Here’s a few hints on how to spot a crab underwater:
- Crabs will often be partially visible between or wedged partially underneath large rocks and boulders or underneath a bed of seaweed and eel grass
- When Dungeness crabs are scuttling around around 15’ away from you underwater, they tend to look white or gray coloured, not orange or red
- If the viz is really good, you’re in luck, because you can often spot crabs from the surface at 10’-25’ of depth
- If the viz is really bad, then you’re going to have to essentially dive bomb underwater until you hit the ocean floor, and swim around at the bottom until you happen upon a crab or run out of breath (this is real tough, so give yourself a lot of credit for trying at all)
- Crabs will occasionally surprise you by being directly underneath you during a routine dive or they will be sitting on top of a rock at a depth of 5’ – the trick is to always be ready to grab them!
How to Grab Crabs (Without Getting Pinched)
People often ask me whether I’m scared of getting pinched when I pick crabs up while freediving. To be really frank, I’m not scared at all, but maybe I just ate too much crab as a child and am desensitized to how freaky they look.
But I’m still understandably careful when I pick them up, even though they don’t frighten me, because I’m a cautious person who values her fingers.
Knowledge and practice go a long way towards confident and safe crab harvesting:
- Approach the crab from behind (if possible) and pick the crab up from the back end with your dominant hand
- Tuck your thumb underneath its body and keep your fingers firmly on its back
- The crab won’t be able to pinch your hand if you keep your fingers tucked in and out of the way of those pesky pinchers
- Pop that critter into your dive bag and enjoy the rest of your swim
What if the crab tries to pinch you?
Occasionally, you won’t be sneaky enough and the crab will notice you trying to pick them up. They’ll turn their pinchers towards you or stand up on their back legs and try to pinch you.

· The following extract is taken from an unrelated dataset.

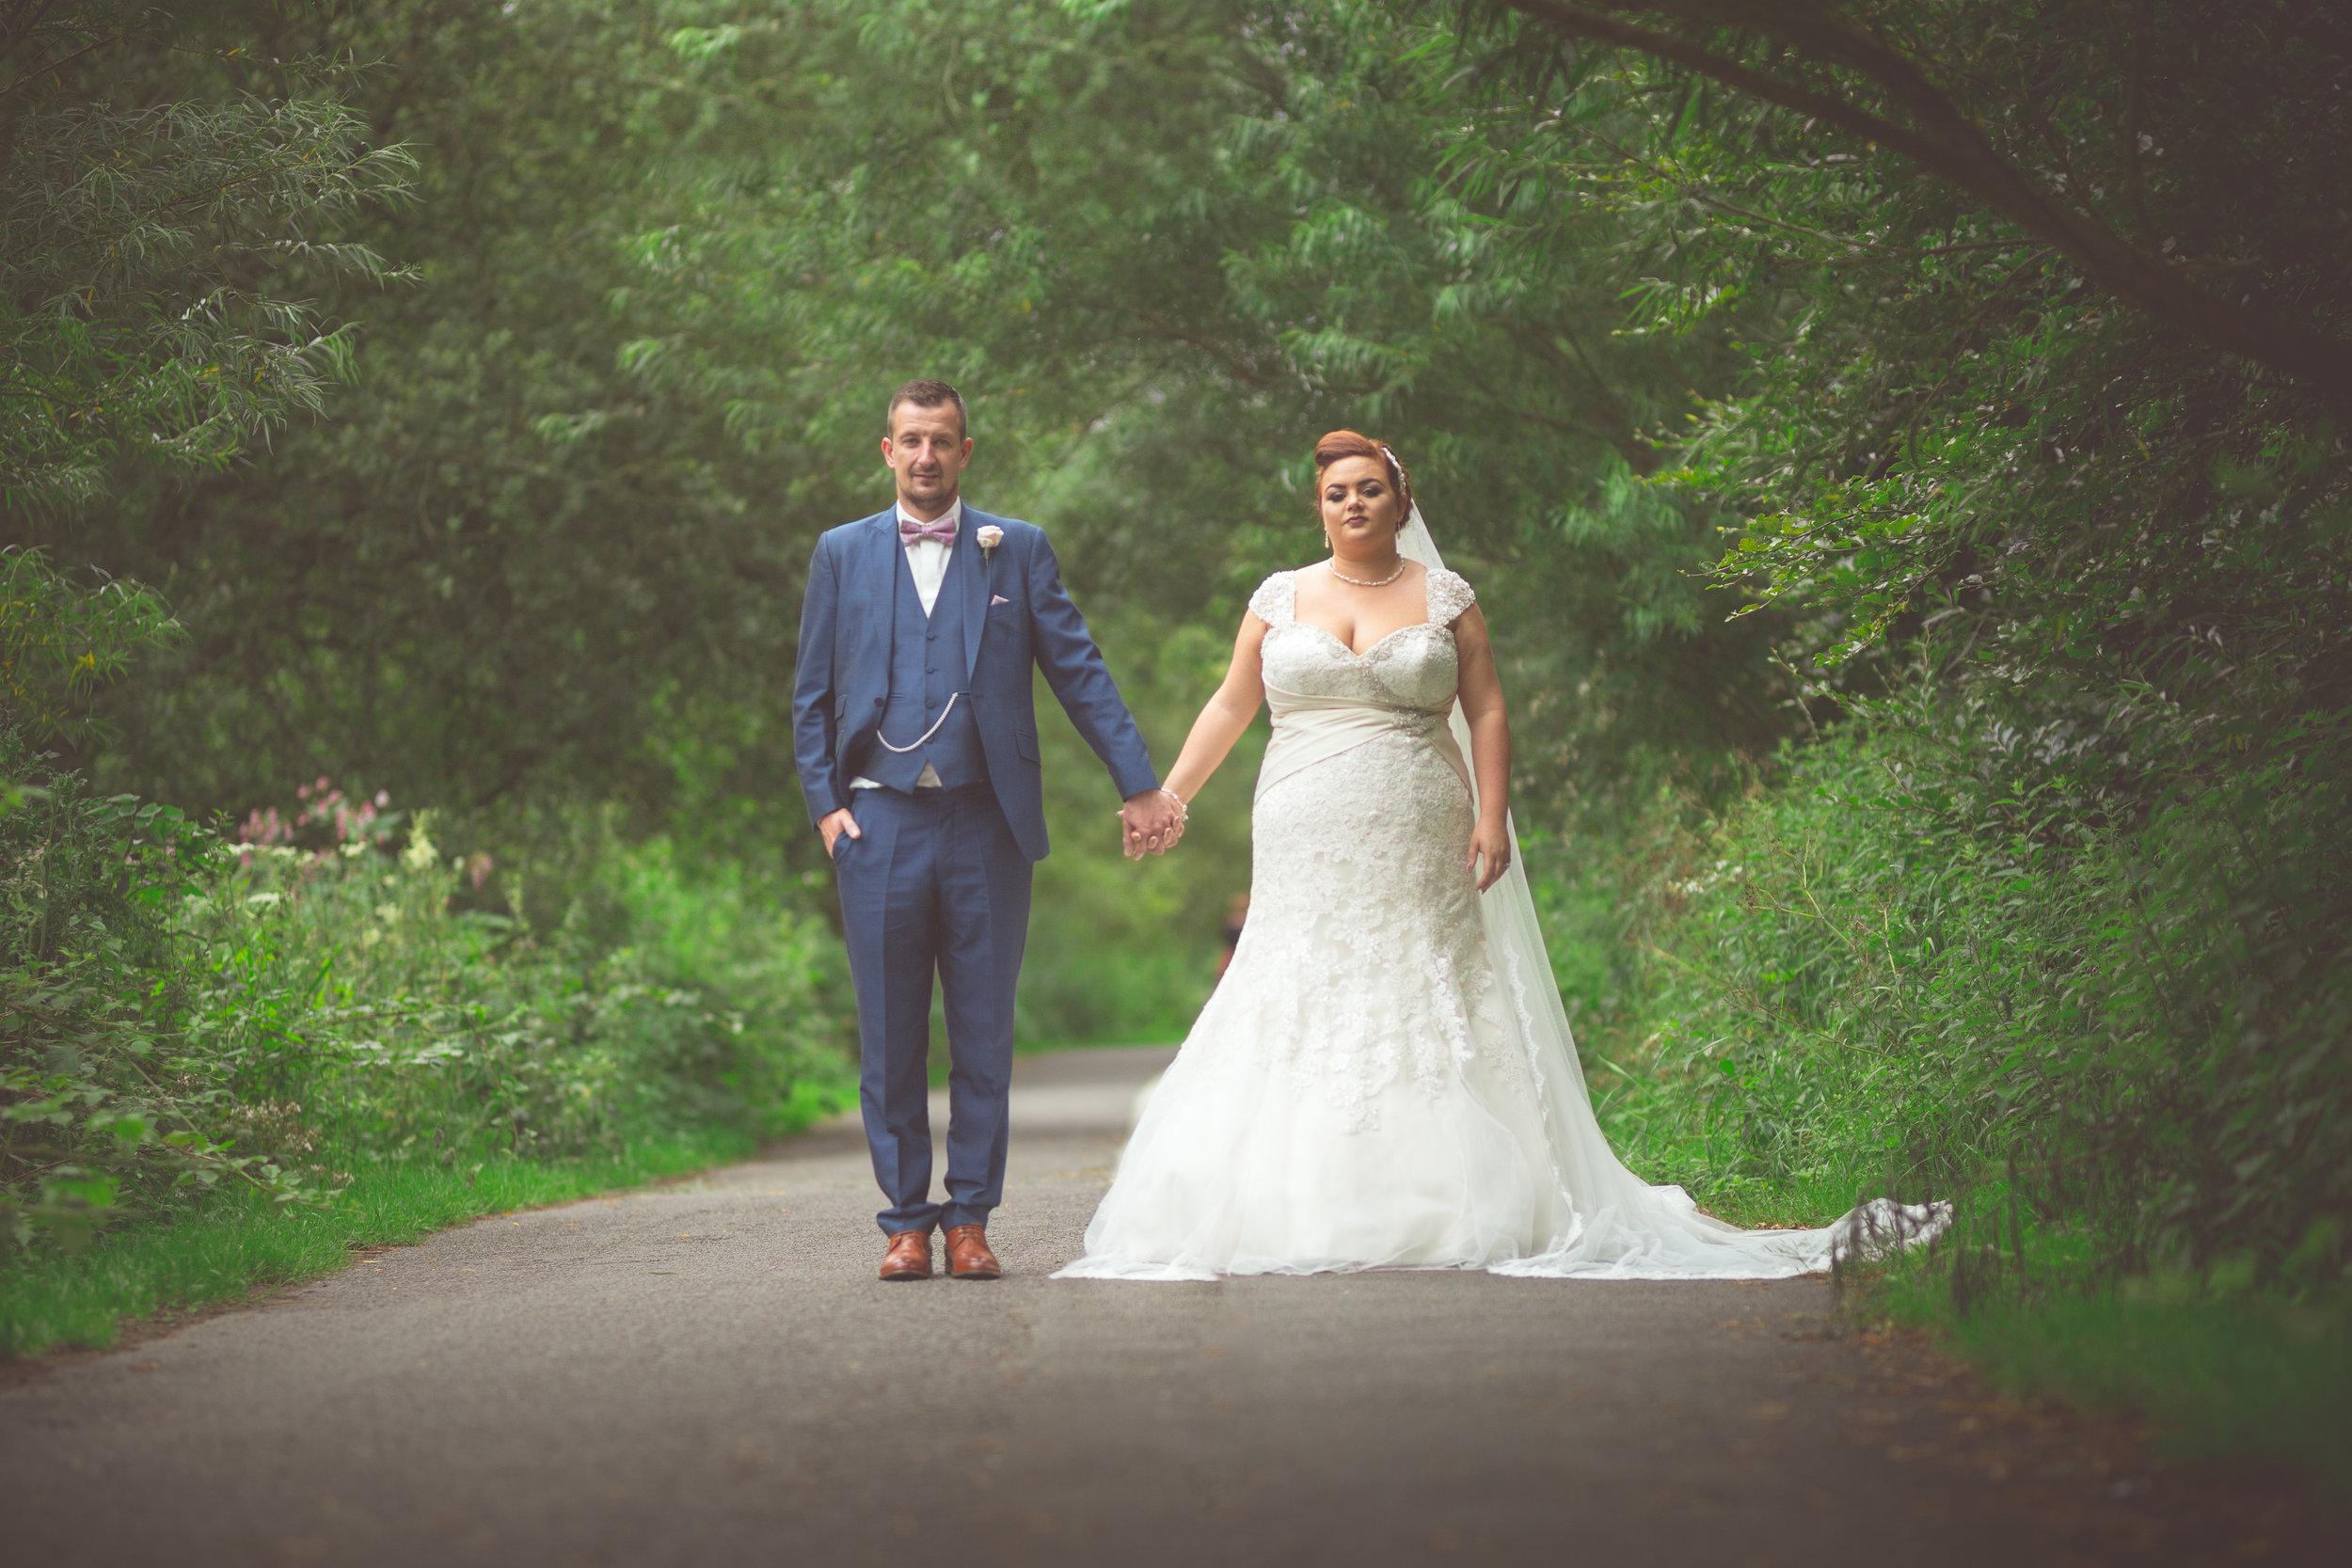 Antoinette & Stephen - Portraits   Brian McEwan Photography   Wedding Photographer Northern Ireland 32.jpg

I’ve found from personal experience that it’s best to make a mental note of where they are, leave the area, and come back after about 15 minutes or the end of your dive. They’ll usually let their guard down again, at least enough for you to swoop in behind them and get them into your bag.
All-Time Favourite BC Crab Recipes
Easy Crab Recipe
Boil a large pot full of tap water until it comes to a boil. Drop your cleaned crab legs in and return pot to a boil. Let boil for 13-15 minutes. You may need to lower your temperature slightly to prevent it from boiling over. Drain and serve with lots of melted butter mixed with lemon juice and minced garlic. Yum!